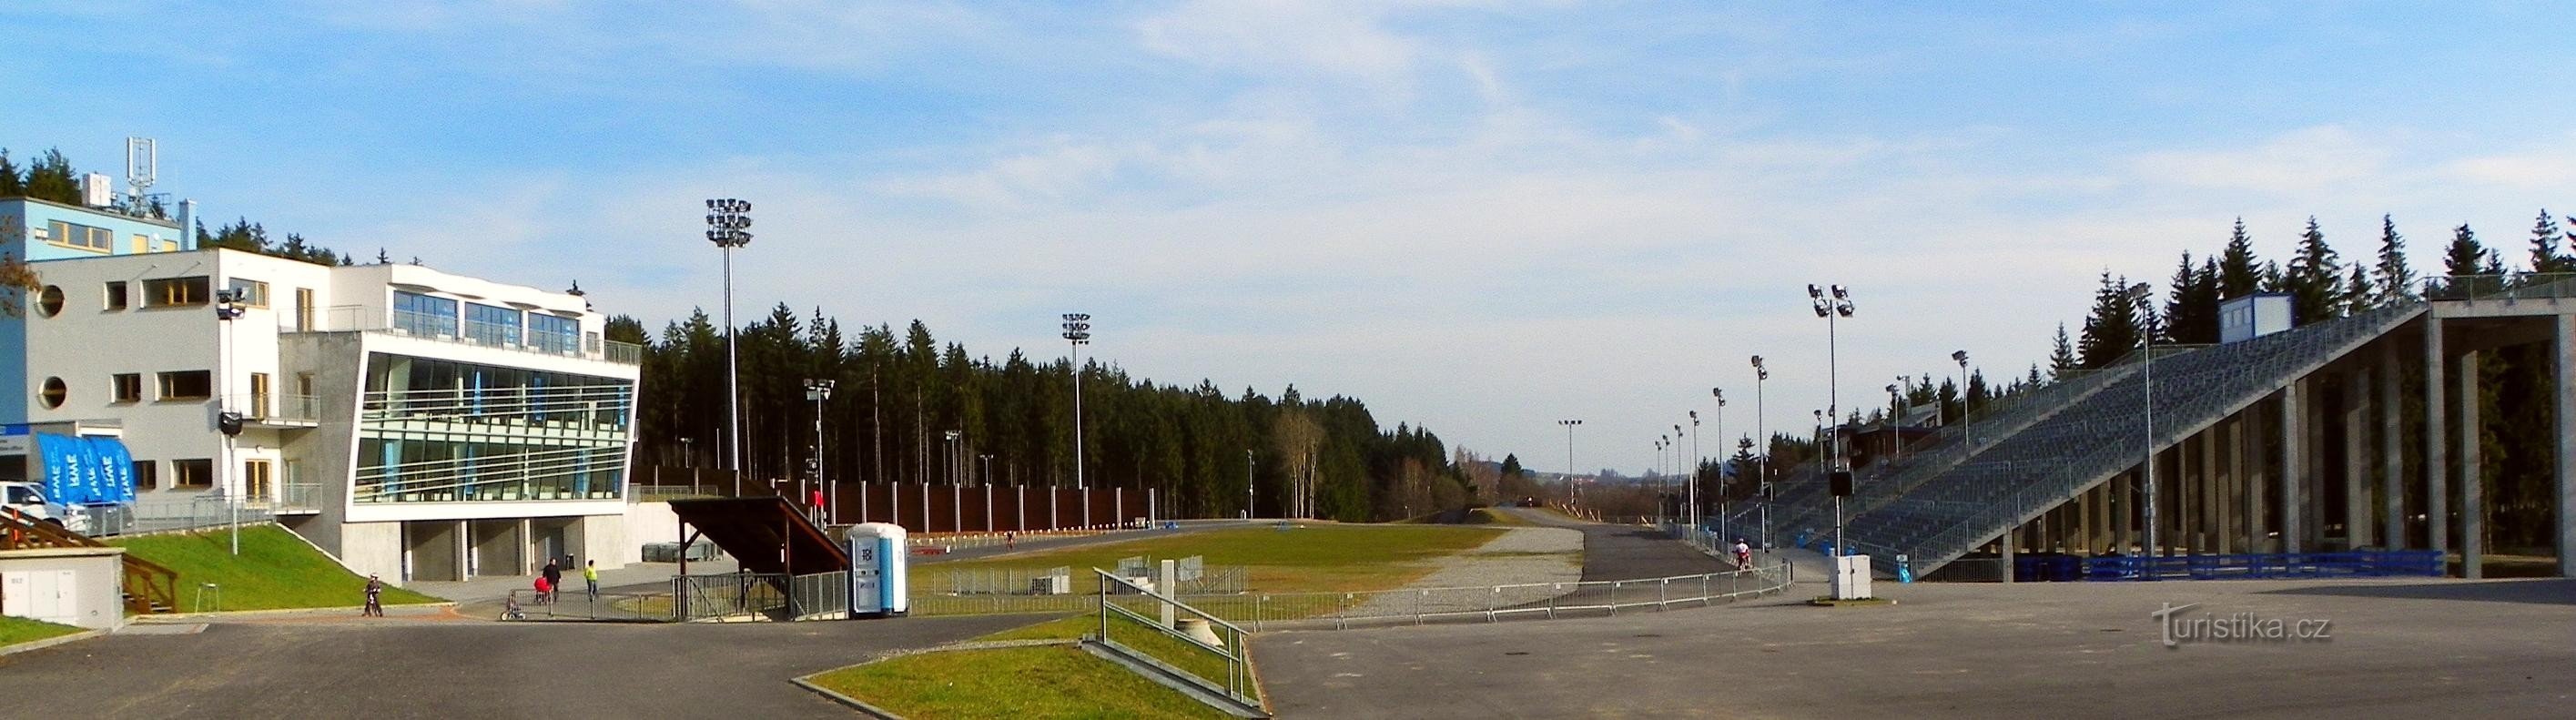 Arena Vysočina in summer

● ● ●

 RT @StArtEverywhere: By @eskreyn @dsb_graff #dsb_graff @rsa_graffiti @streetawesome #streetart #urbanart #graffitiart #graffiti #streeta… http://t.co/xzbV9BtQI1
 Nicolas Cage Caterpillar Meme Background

● ● ●

● PROBLEM TO WORK ON: Find the line with "RT @StArtEverywhere: By" in the material above. Reproduce it and each line after it up to and including the line with "Nicolas Cage Caterpillar Meme Background".

● EXERCISE RESULT:
 RT @StArtEverywhere: By @eskreyn @dsb_graff #dsb_graff @rsa_graffiti @streetawesome #streetart #urbanart #graffitiart #graffiti #streeta… http://t.co/xzbV9BtQI1
 Nicolas Cage Caterpillar Meme Background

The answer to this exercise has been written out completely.